Anyone who uses the internet has likely been bombarded by the ongoing Miley Cyrus vs. Sinead O’Connor feud. Generally, I avoid any and all “celebrity news”, but O’Connor’s fourth open letter does a lot in the way of protecting mental illness sufferers, so I thought I should bring it to attention.
A brief summary of interactions thus far: O’Connor penned an open letter to Cyrus, showing great concern for her, and pleading with her to stop “prostituting” herself for the anti-feminist music industry. Basically, she said that the people who care about you will tell you not to grind against your co-performer, make extremely suggestive movements and gestures, and refuse to keep your tongue in your mouth for more than sixty seconds. Cyrus proceeded to post old “tweets” from O’Connor two years ago when she was desperately seeking psychological help and begging for help from anyone who knew a doctor who could see her in Dublin. Cyrus said, “Before Amanda Bynes, there was…….” and “LOL”, implying that both Bynes and O’Connor have mental health issues and that this is something funny that should be mocked. O’Connor responded with several passionate letters, the most recent of which being my favorite.
O’Connor writes, “Until you exposed me (and Amanda Bynes) to abuse on the grounds of my having sought help (extremely coherently) to save my life, when experiencing suicidal compulsion as a side effect of a medication called Tegretol, I had no problem with you whatsoever.”

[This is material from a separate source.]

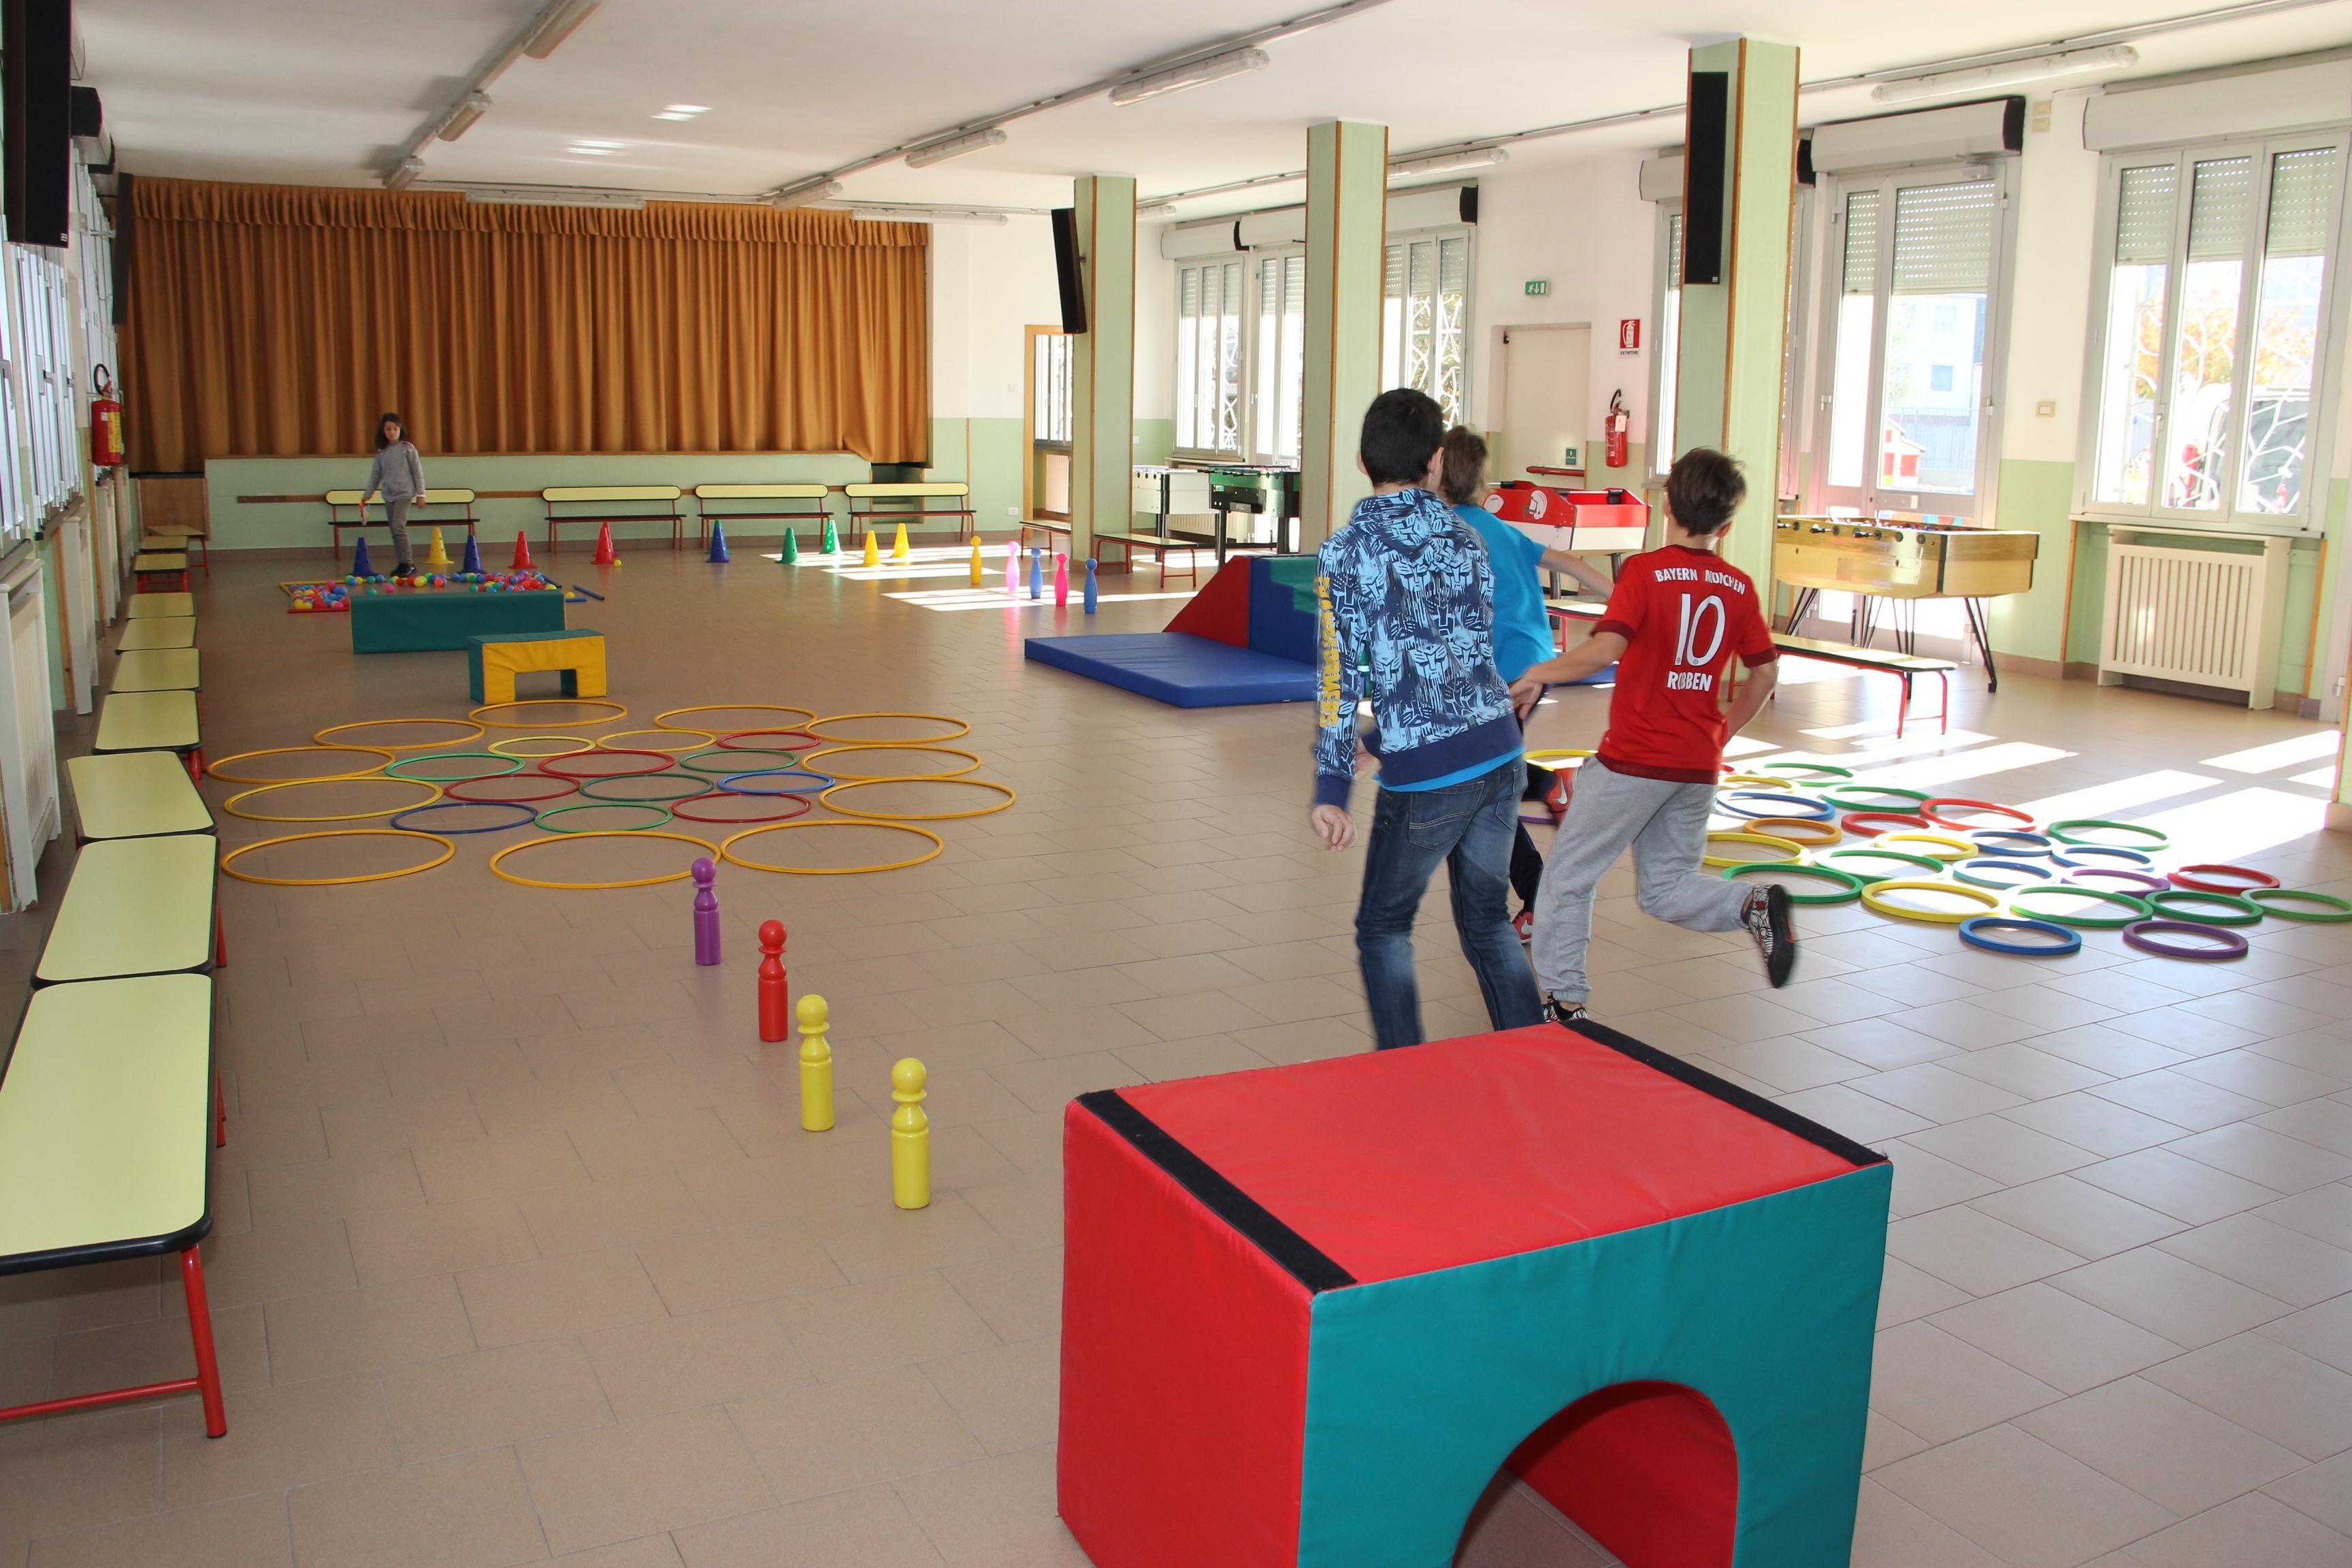 Palestra Scuola Maria Ausiliatrice - Lodi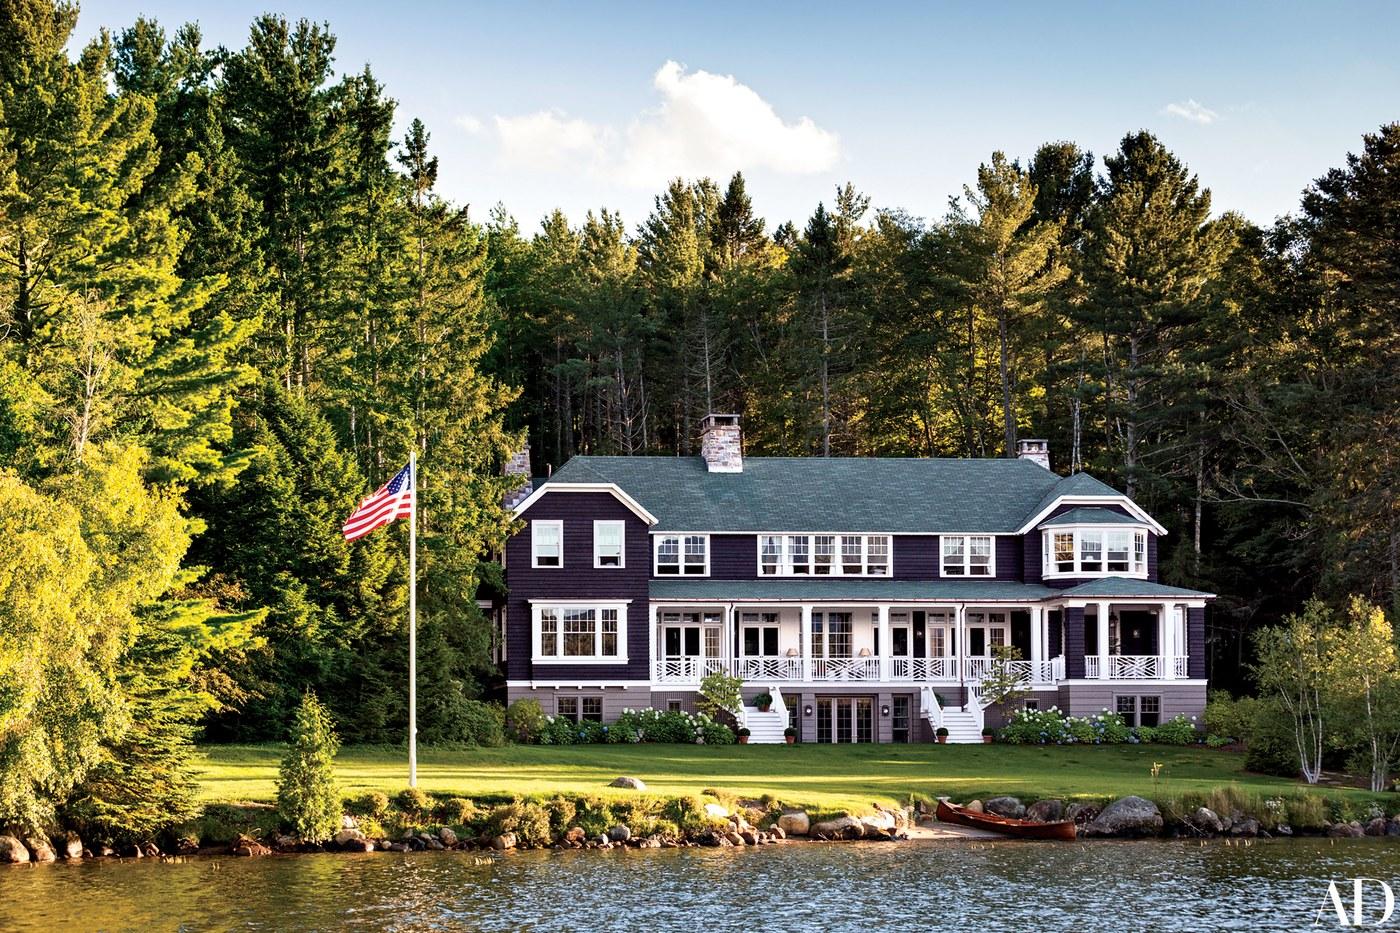 01-casa-a-beira-do-lago-e-construida-em-estilo-tradicional-da-regiao

She encourages Cyrus to make an “apology to all sufferers of mental health difficulties and all those who have had experience of suicidal feelings or have been affected by suicide.”
She then shares some statistics about the prevalence of suicide as a cause of death for young people in America, young people who make up Cyrus’ fan base.
“You’ve acknowledged most of your fans are “very young”. You might therefore consider being careful regarding what signals you send those of them who may be feeling suicidal and would now be afraid to say so.”
“Bullying of those perceived mistakenly or otherwise to be mentally ill causes death. Period.” Bullying of any kind can result in suicide. Bullying of people who are already having mental health issues? Very, very bad.
She writes that Cyrus has “made it difficult for young people who admire you and who may be suffering with mental health problems or suicidal ideation to feel they can be open and seek help,” and that “it is imperative that all suicidal people seek help.” If only all suicidal people sought help. So many families lose loved ones when they weren’t even aware that there was a major problem. The world is such a scary place to ask for help in, and even more so with bullies like Cyrus.
“Certainly there are people out there tonight who will choose to take their lives rather than admit they need help, because when people ask for help, the media and celebrities like yourself mock them.”
And my favorite:
“You’re entitled to disagree with people. But you’re not entitled to incite abuse of those perceived to be mentally ill.”
Having influence on young people is not something to be taken lightly. It is an opportunity to help encourage healthy, happy lifestyles. Unfortunately, some (not very talented) starlets throw care to the wind and end up hurting, rather than helping, these vulnerable demographics.